MLflow v0.8.0 Features Improved Experiment UI and Deployment Tools - dmatrix
https://databricks.com/blog/2018/11/21/mlflow-v0-8-0-features-improved-experiment-ui-and-deployment-tools.html
======
mlthoughts2018
As an ML engineer, I’ve found MLFlow to be really a disastrously bad way to
look at the problem. It’s something that managers or executives buy into
without understanding it, and my team of engineers (myself included) have
hated it.

There are many feature specific reasons, but the biggest thing is that
reproduction of experiments needs to be synonymous with code review and the
identically same version control system you use for other code or projects.
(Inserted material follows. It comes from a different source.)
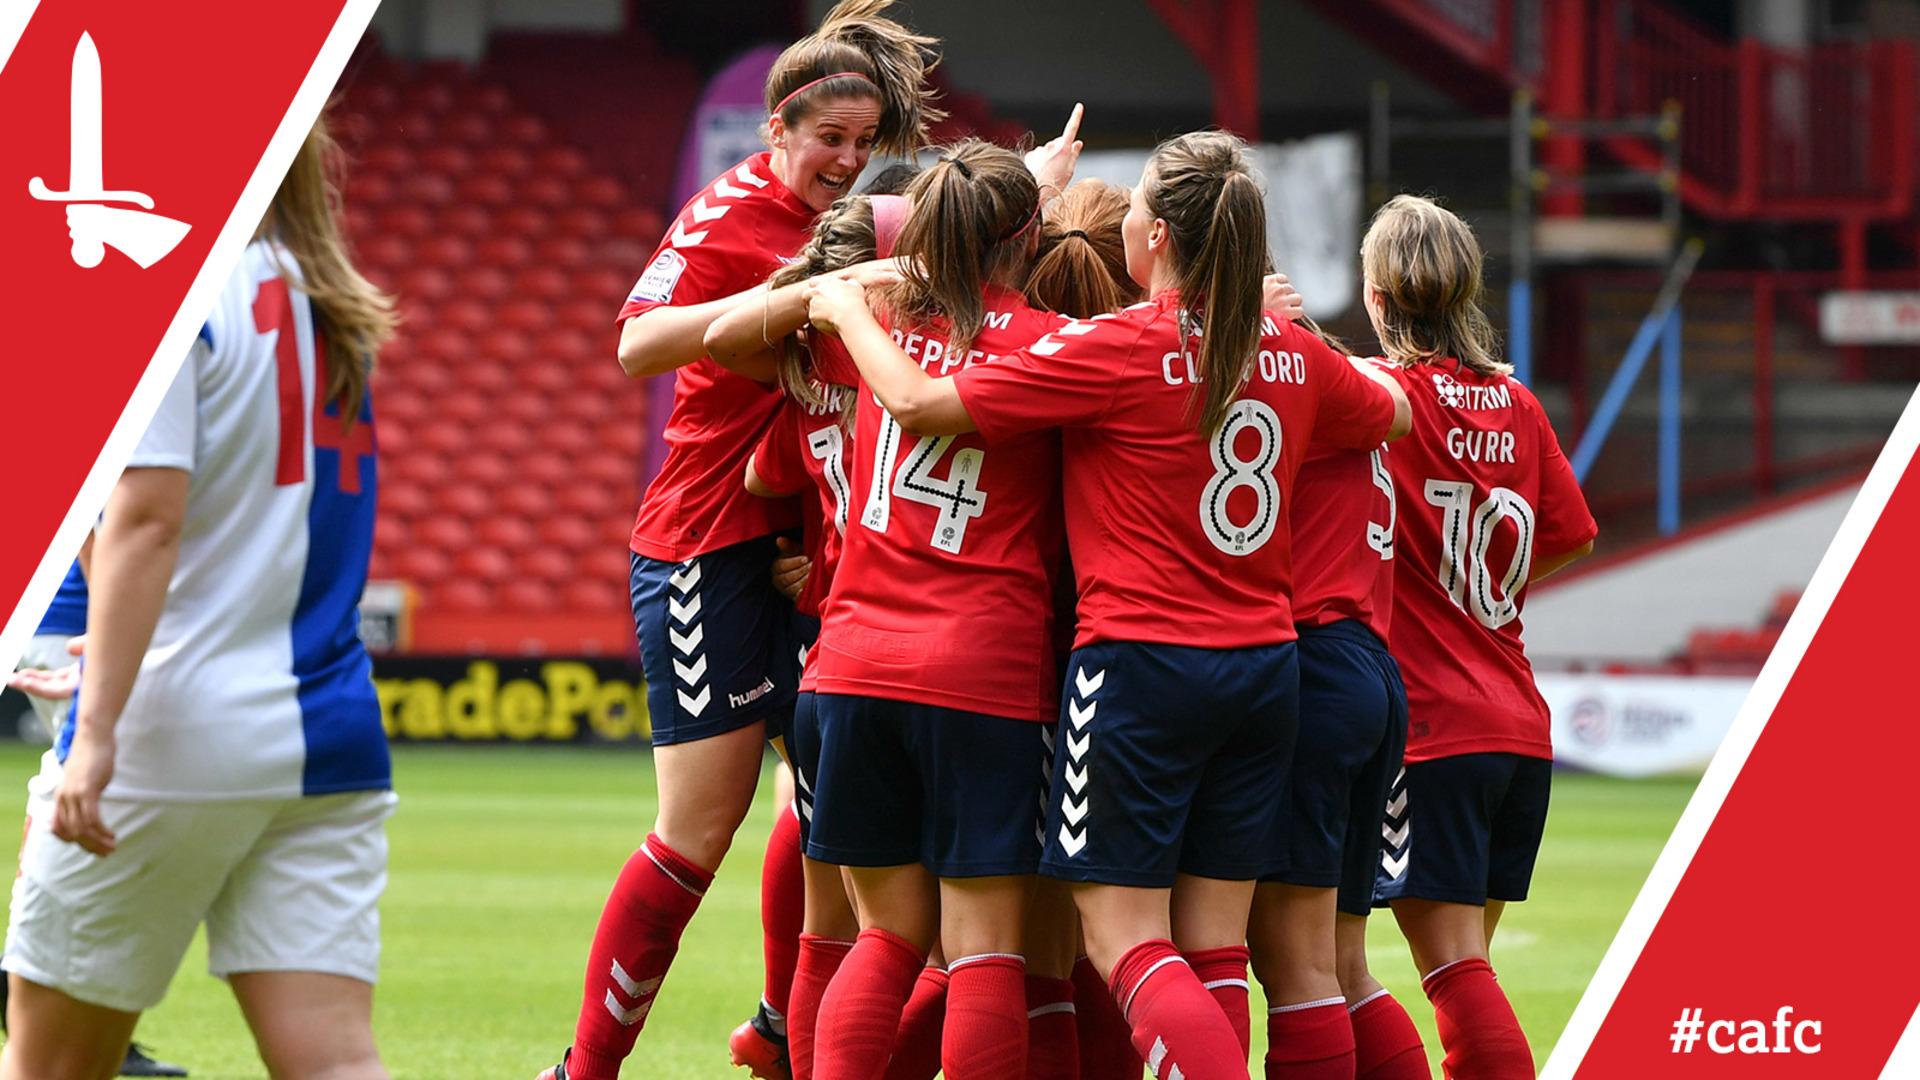 FULL GAME | Blackburn Ladies 1 Charlton Women 2 (May 2018)

This way reproducibility is a genuine constraint on deployment and deployment
of an experiment, whether just training a toy model, incorporating new data,
or really launching a live experiment, is conditional on reproducibility and
code review of the code, settings, runtime configs, etc., that embodies it
totally.

This is much better solved with containers, so that both runtime details and
software details are located in the same branch / change set, and a full
runtime artifact like a container can be built from them.
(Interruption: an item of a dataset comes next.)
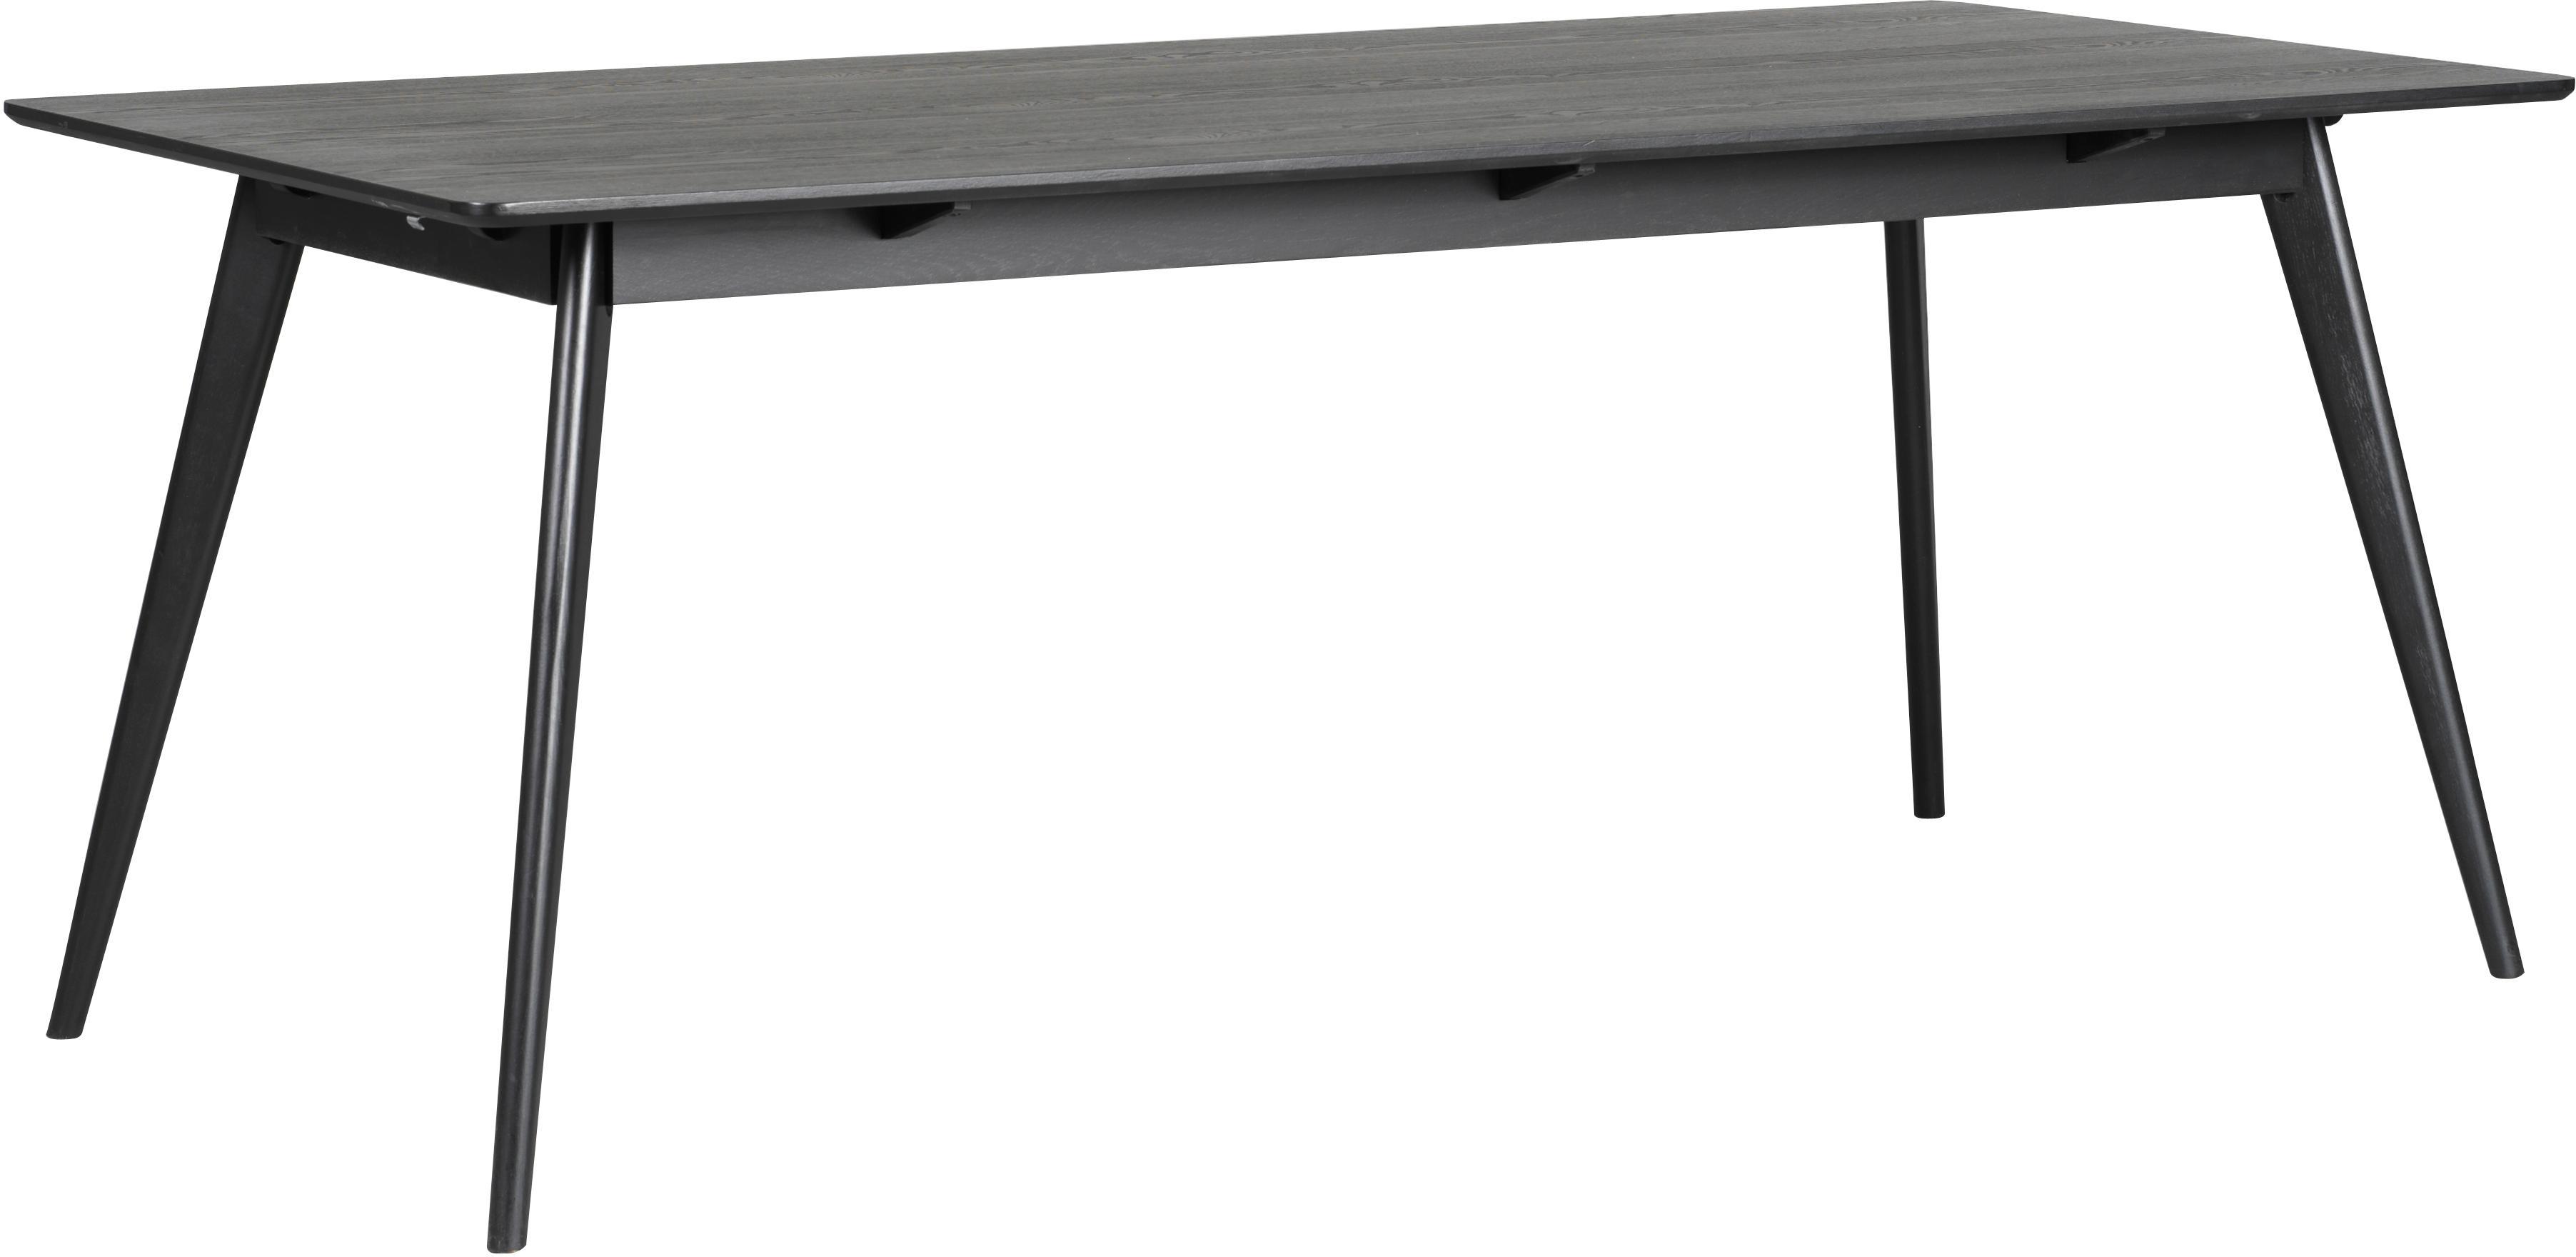 Mesa de comedor de madera Yumi, Tablero: tablero de fibras de dens, Patas: madera de caucho maciza c, Negro mate, An 190 x F 90 cm

Then deployment is just whatever production deployment already is, usually
some CI tool that explains where a container (built from a PR of your
experiment branch for example) is deployed to run, along with whatever
monitoring or probe tracking tools you already use.

You can treat experiments just like any other deployable artifact, and monitor
their health or progress exactly the same.

Once you think of it this way, you realize that tools like ML Flow are
_categorically_ the wrong tool for the job, almost by definition, and they
exist mostly just to foster vendor lock-in or support reliance on some
commercial entity, in this case Databricks.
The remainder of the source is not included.